Дьявол, это уже начинает пугать даже меня. Если она будет продолжать в том же духе, не уверен, что смогу дотерпеть до вечера.
— Во-первых, никогда не смей повышать на меня голос. Подобное я точно терпеть не намерен, — взяв в узды внутреннее буйство, произношу строгим тоном, отбивающим всякое желание пререкаться. — Во-вторых, тебе стоит помнить, что ты сейчас находишься на работе, а я никто иной, как твой начальник, поэтому хочешь ты того или нет, но придётся как-то урегулировать свой бунтарный нрав. Ты должна сейчас остыть и расслабиться. Вечер ещё не начался, а ты уже на взводе. Мне хочется сегодня наслаждаться приёмом, а не выслушивать там твои истерики, — сухо добавляю я, направляясь к бару.
— В таком случае ты выбрал себе в спутницы самую неподходящую кандидатуру, — заметно растеряв весь свой воинственный запал, угрюмо проговаривает Николина. — Возможно, внешне ты придал мне лоску, но я совершенно незнакома с безупречными манерами высшего общества.

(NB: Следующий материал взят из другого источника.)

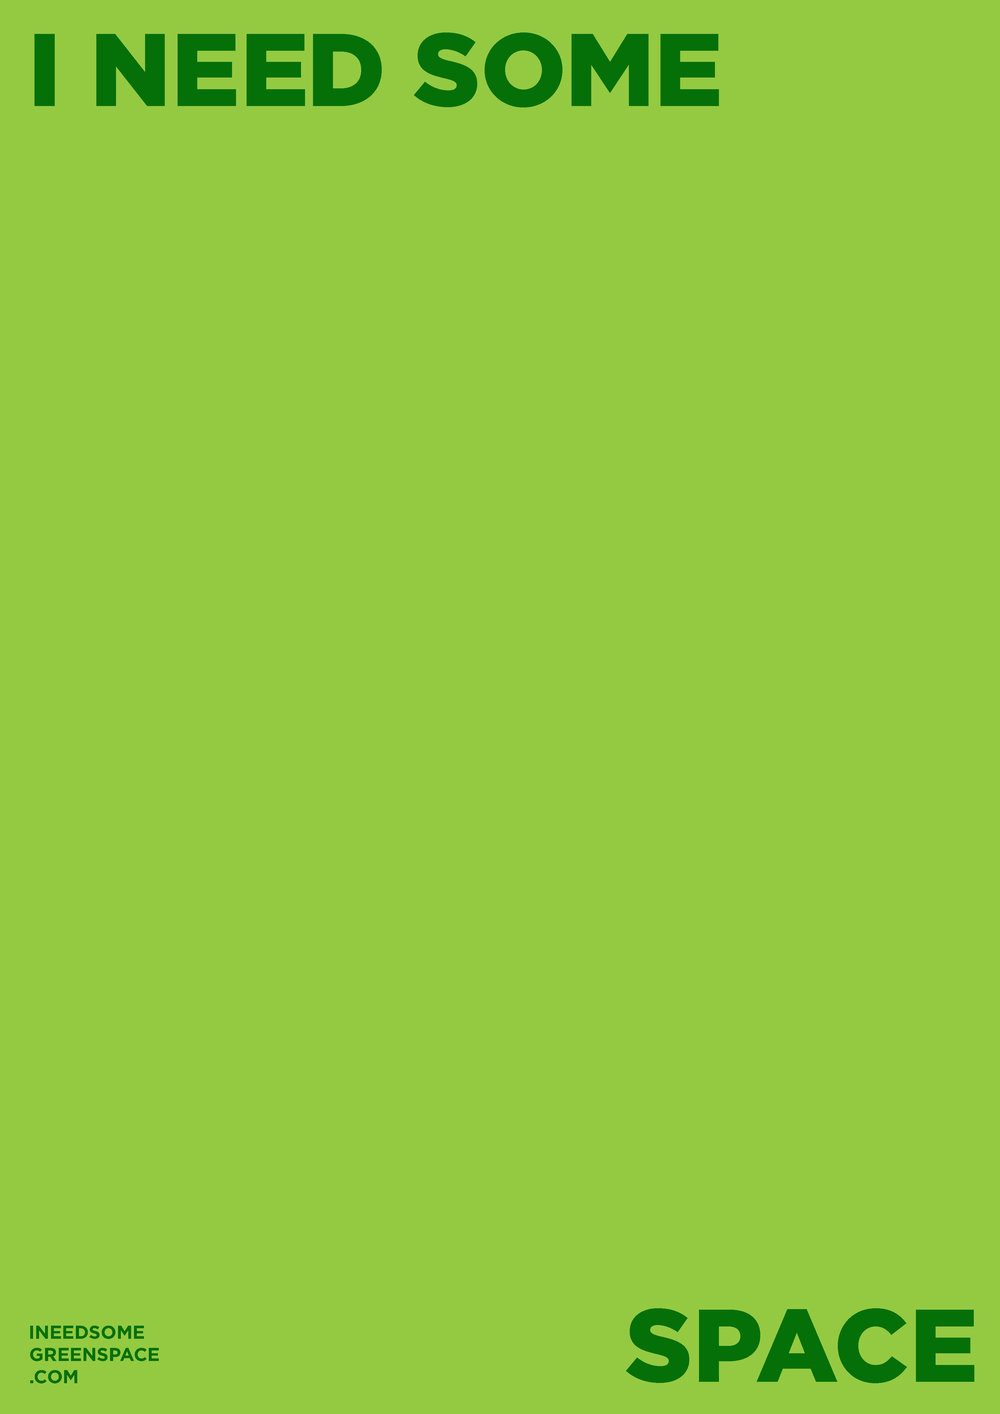 greenspace02

Я не знаю, как вести себя в кругу людей подобного рода. Ты же видел, где я живу. Мне не место среди чопорных, правильно воспитанных дам и джентльменов, с которыми я даже не знаю, о чём разговаривать.
— Разговаривать буду я, а тебе просто нужно утихомирить свою буйность и постараться не накинуться ни на кого из гостей с кулаками. Справишься с этим — и всё пройдёт отлично, — заверяю я, наполняя бокалы отменным коньяком многолетней выдержки.

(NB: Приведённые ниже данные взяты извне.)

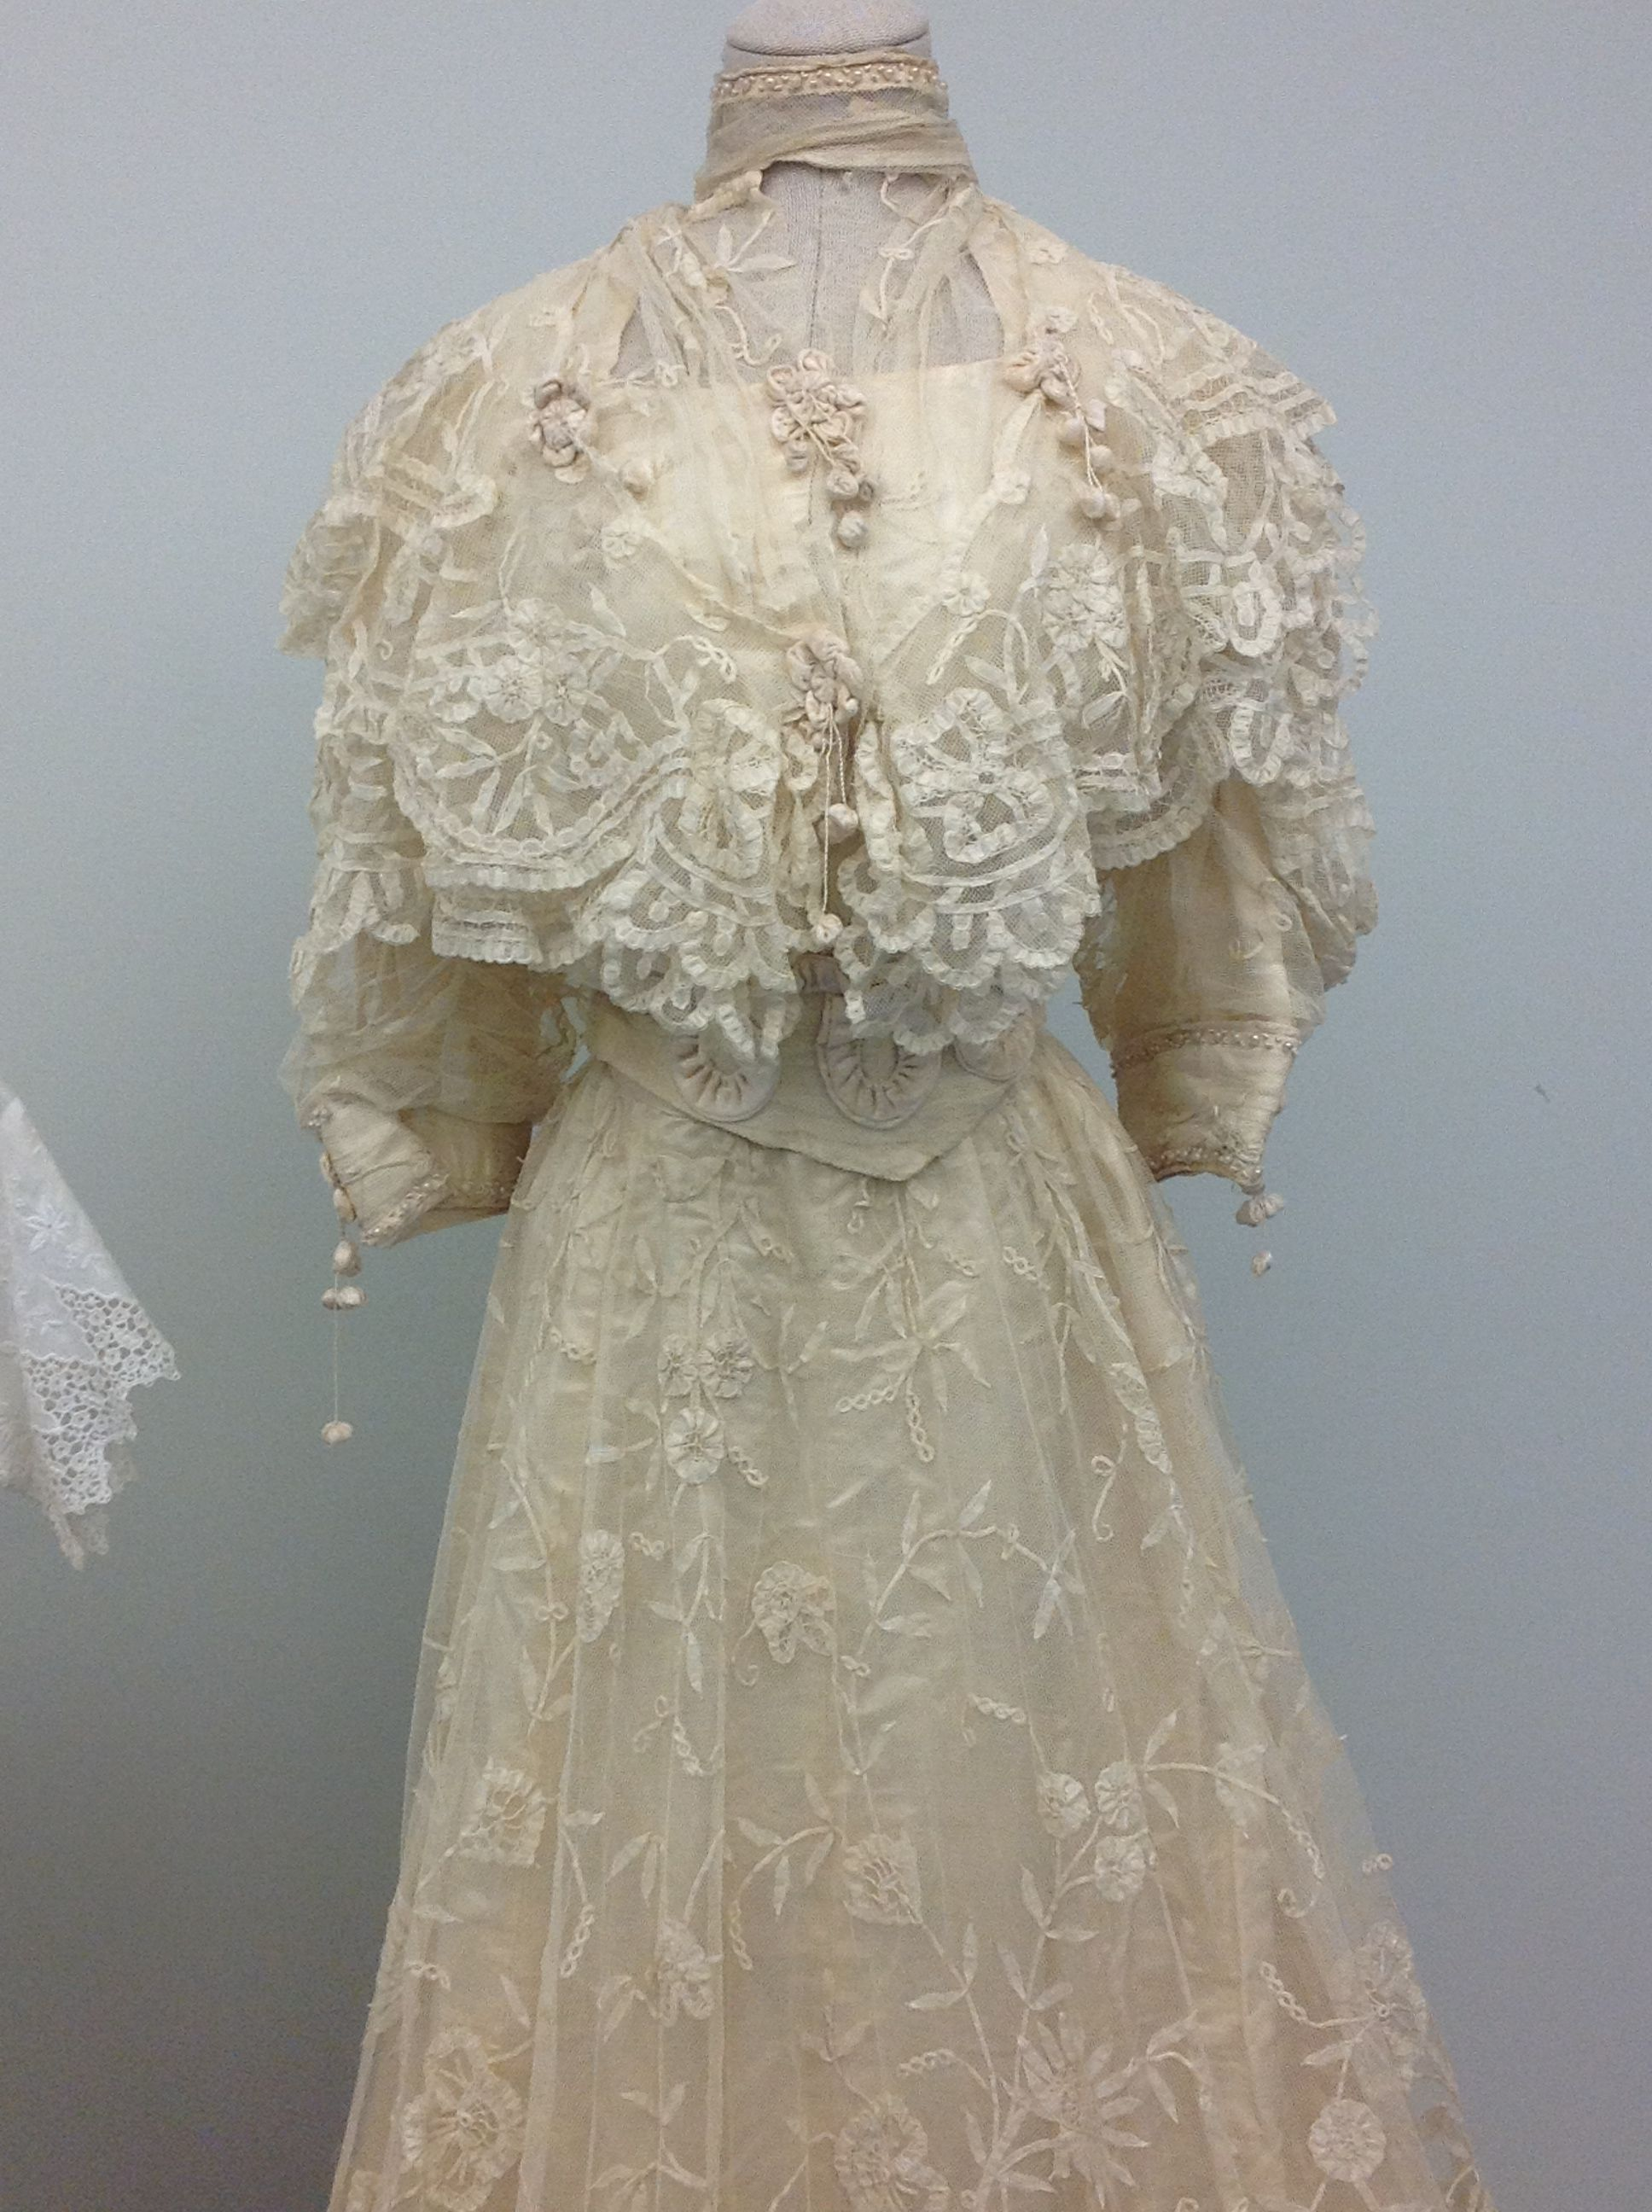 Wedding gown edwardian from seneca fashion resource centre love

— Нет, Адам, дело не только в этом. Ты меня абсолютно не знаешь, но поверь мне на слово: я — самый невезучий и неуклюжий человек на свете!

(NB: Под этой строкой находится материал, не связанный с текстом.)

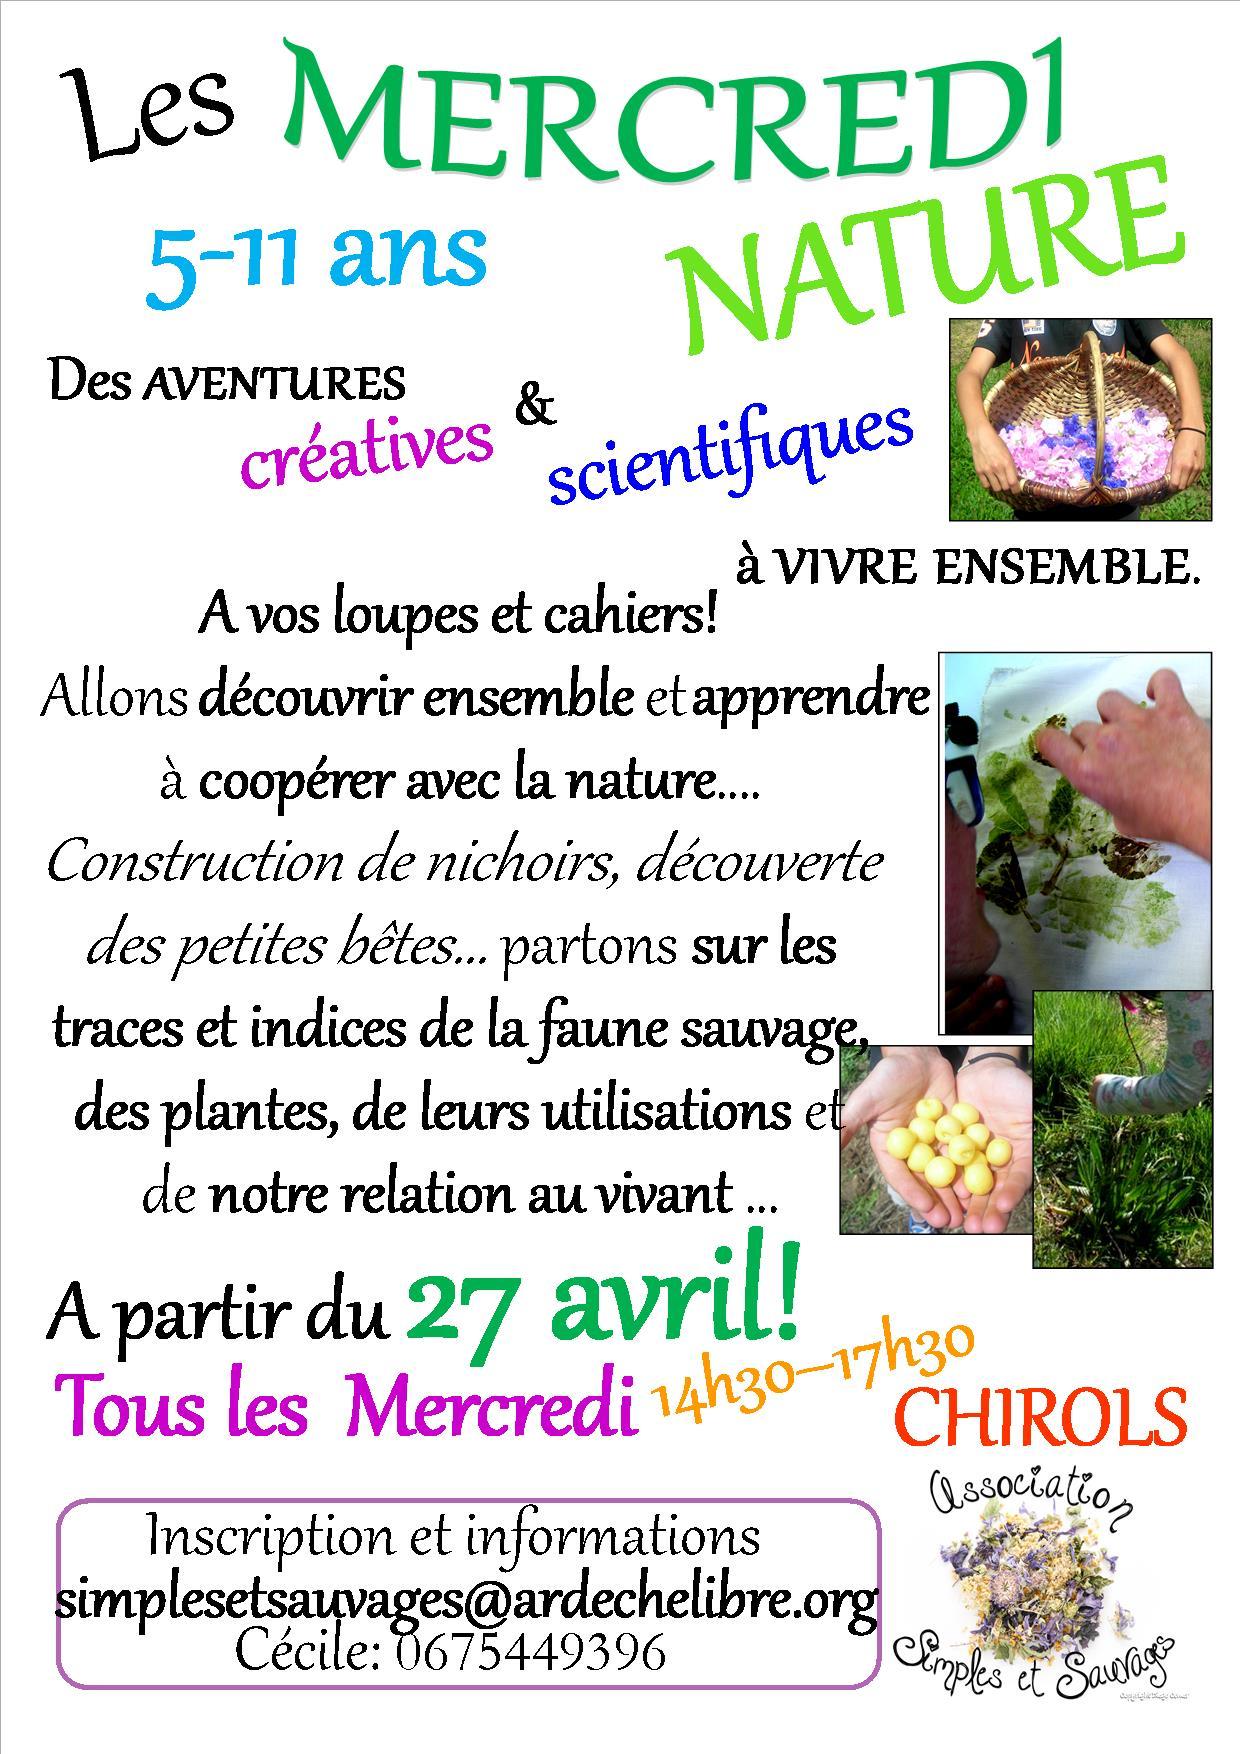 Mercredi nature

— Поверить тебе на слово? — насмешливо изогнув бровь, кидаю на неё взгляд исподлобья. — Той, кто не перестаёт врать ни на секунду?
— Адам, я не шучу: я настоящая ходячая катастрофа! Обладательница выдающегося таланта — влипать в проблемы даже там, где их нет, и потому, если ты не хочешь, чтобы я выставила тебя в невыгодном свете, настоятельно рекомендую тебе передумать и отпустить меня домой!
— Ты сейчас скажешь мне всё, что угодно, лишь бы я позволил тебе не ехать со мной.
— Нет, в этот раз я точно говорю правду, — произносит Николина и сильно прикусывает губу, с запозданием осознавая смысл сказанных слов.
— Так, значит, ты признаёшь, что до этого ты всё-таки врала мне?
— Нет… нет, Адам! Я никогда тебе не врала, — торопливо оправдывается она.
— Ты делаешь это прямо сейчас: врёшь о том, что врала, — откровенно издеваюсь я, заставляя её теряться ещё больше.
— Да нет же!
— С каждым днём усовершенствуешь свой уровень патологической лгуньи.
— Адам, прекрати! Я просто не так выразилась.
— Ну да, конечно, так я теперь и поверил, — своим серьёзным взором нервирую её до предела, сам при этом еле сдерживая смех.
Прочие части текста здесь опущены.